Information provided:
+++++
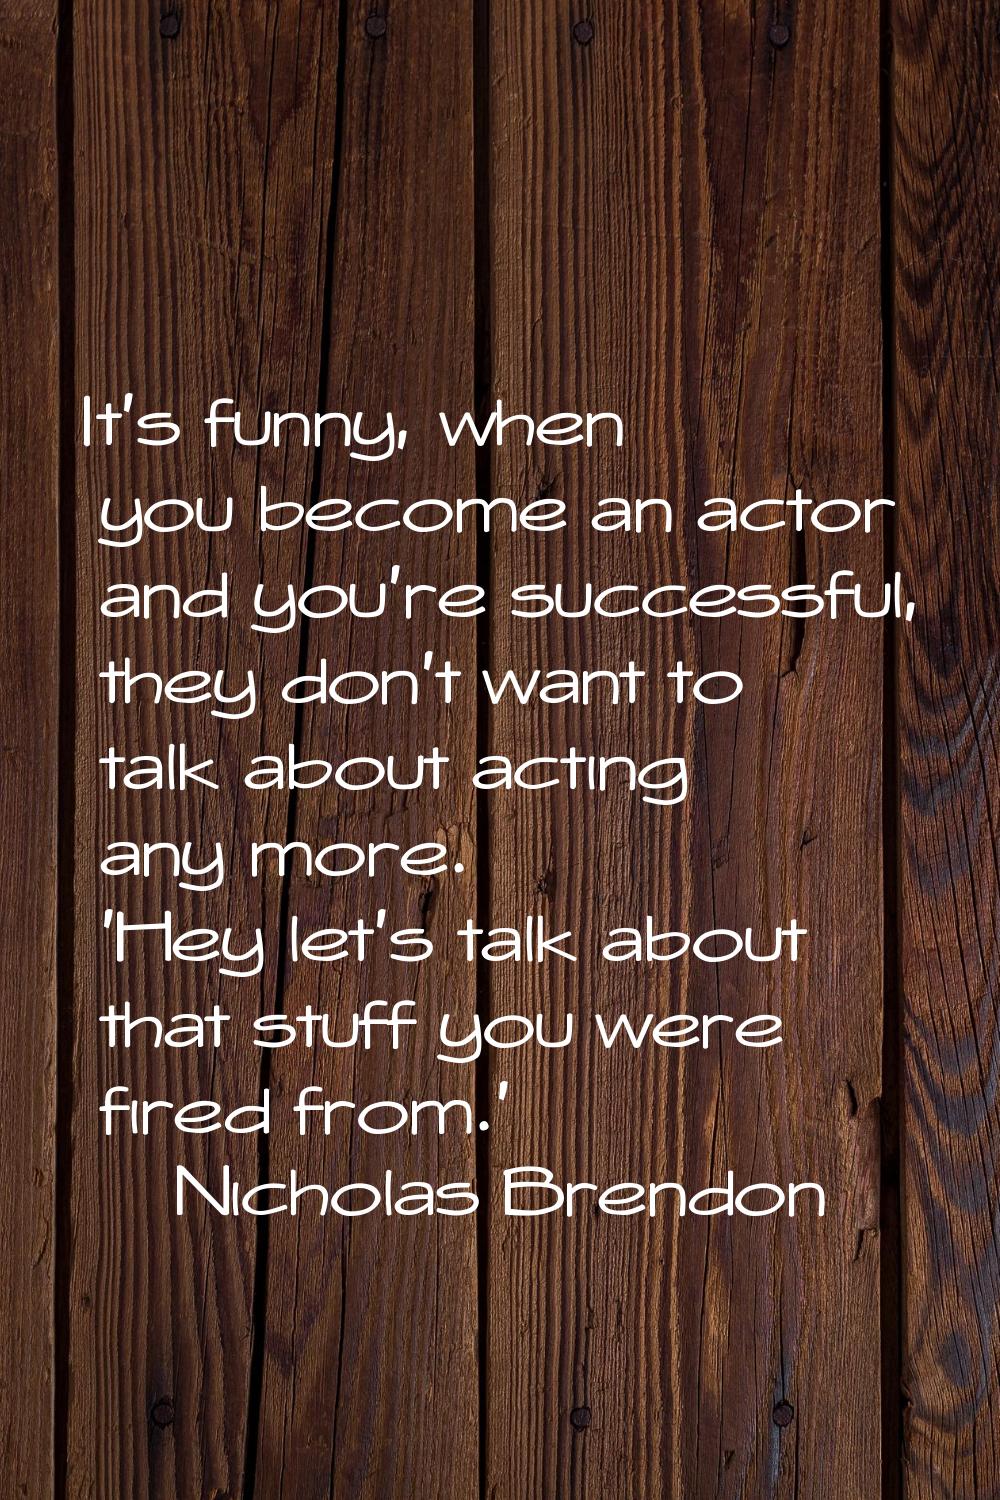 It's funny, when you become an actor and you're successful, they don't want to talk about acting an
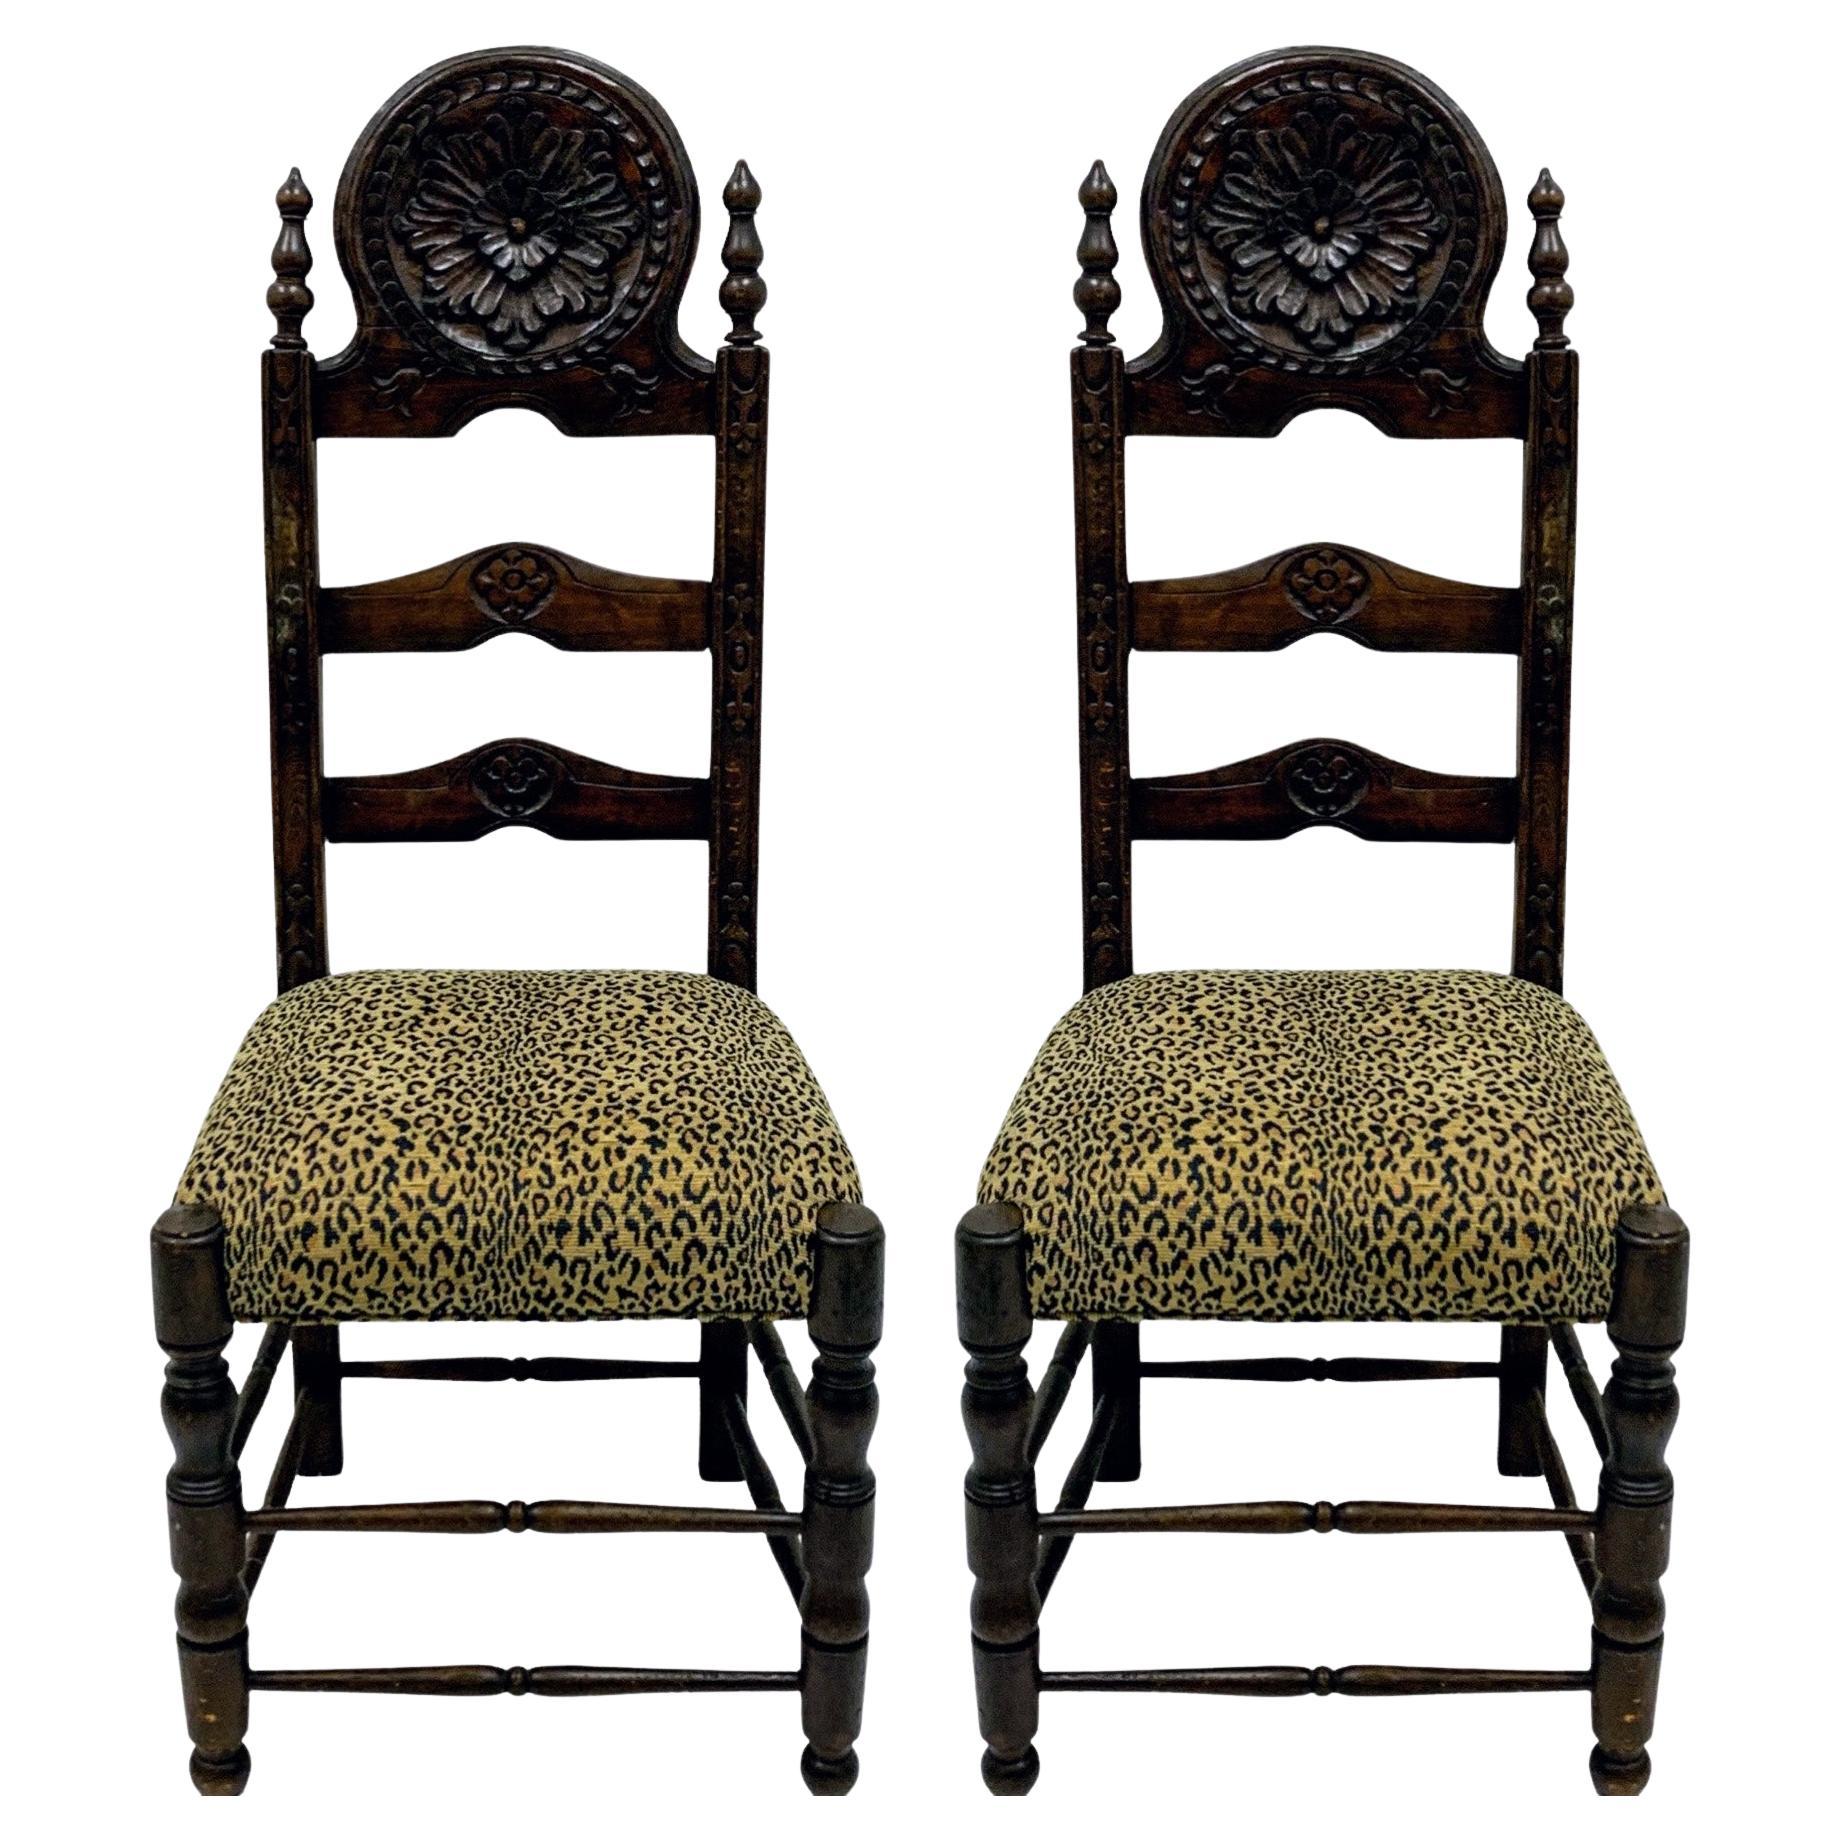 19th-C. French Carved Oak Ladder Back Side Chairs In Vintage Leopard - Pair
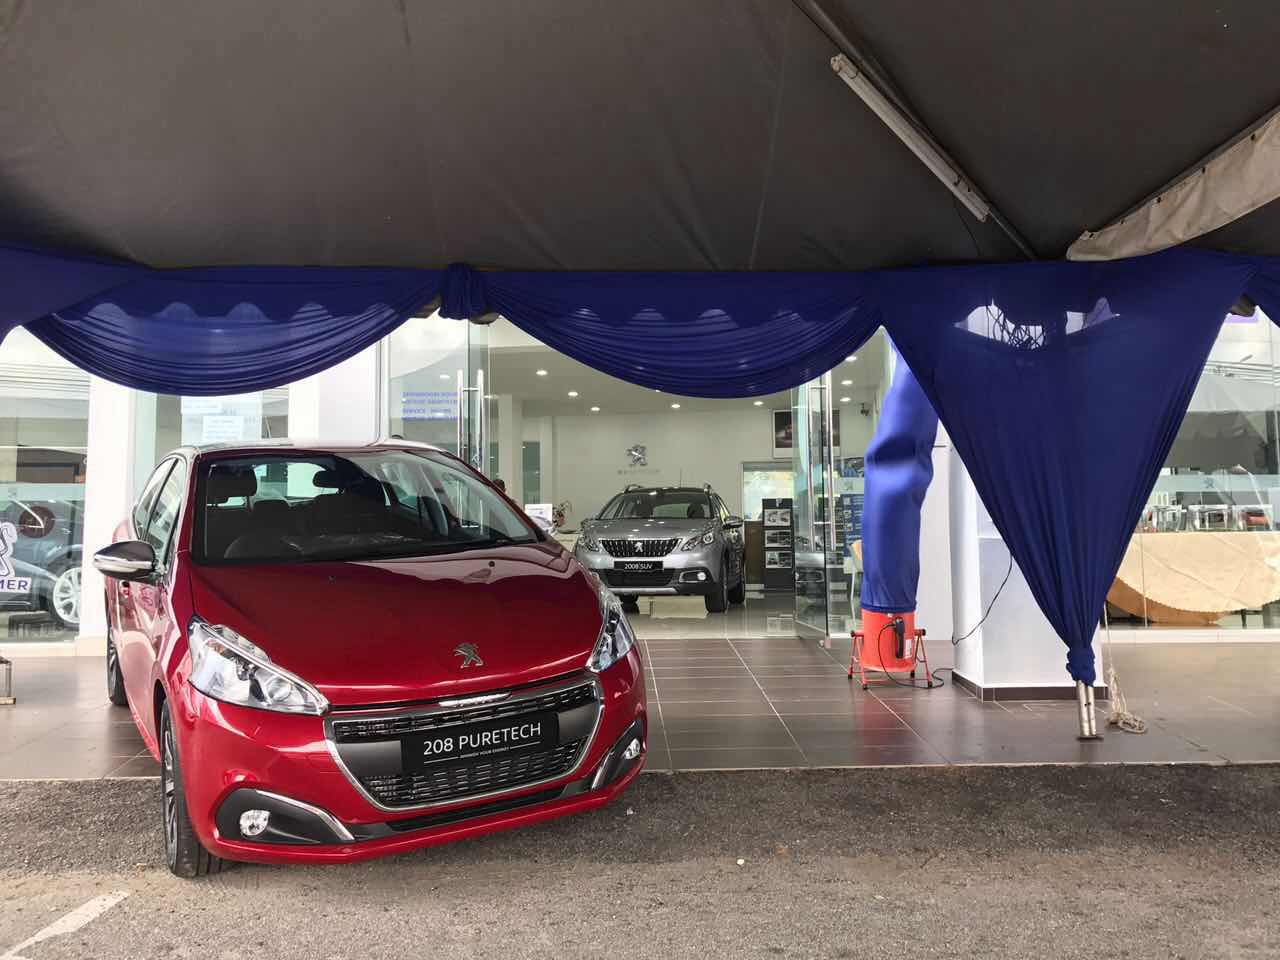 EXCITEMENTG TO LAUNCHING OF PEUGEOT NEW 208 & NEW 2008 PURETECH. CELEBRATION NEW YEAR 2017 & TEST DRIVE EVENT.
+++++
Prompt: Output the listing above in full and exactly, with pictures excluded.

Result of the task:
 It's funny, when you become an actor and you're successful, they don't want to talk about acting an
 19th-C. French Carved Oak Ladder Back Side Chairs In Vintage Leopard - Pair
 EXCITEMENTG TO LAUNCHING OF PEUGEOT NEW 208 & NEW 2008 PURETECH. CELEBRATION NEW YEAR 2017 & TEST DRIVE EVENT.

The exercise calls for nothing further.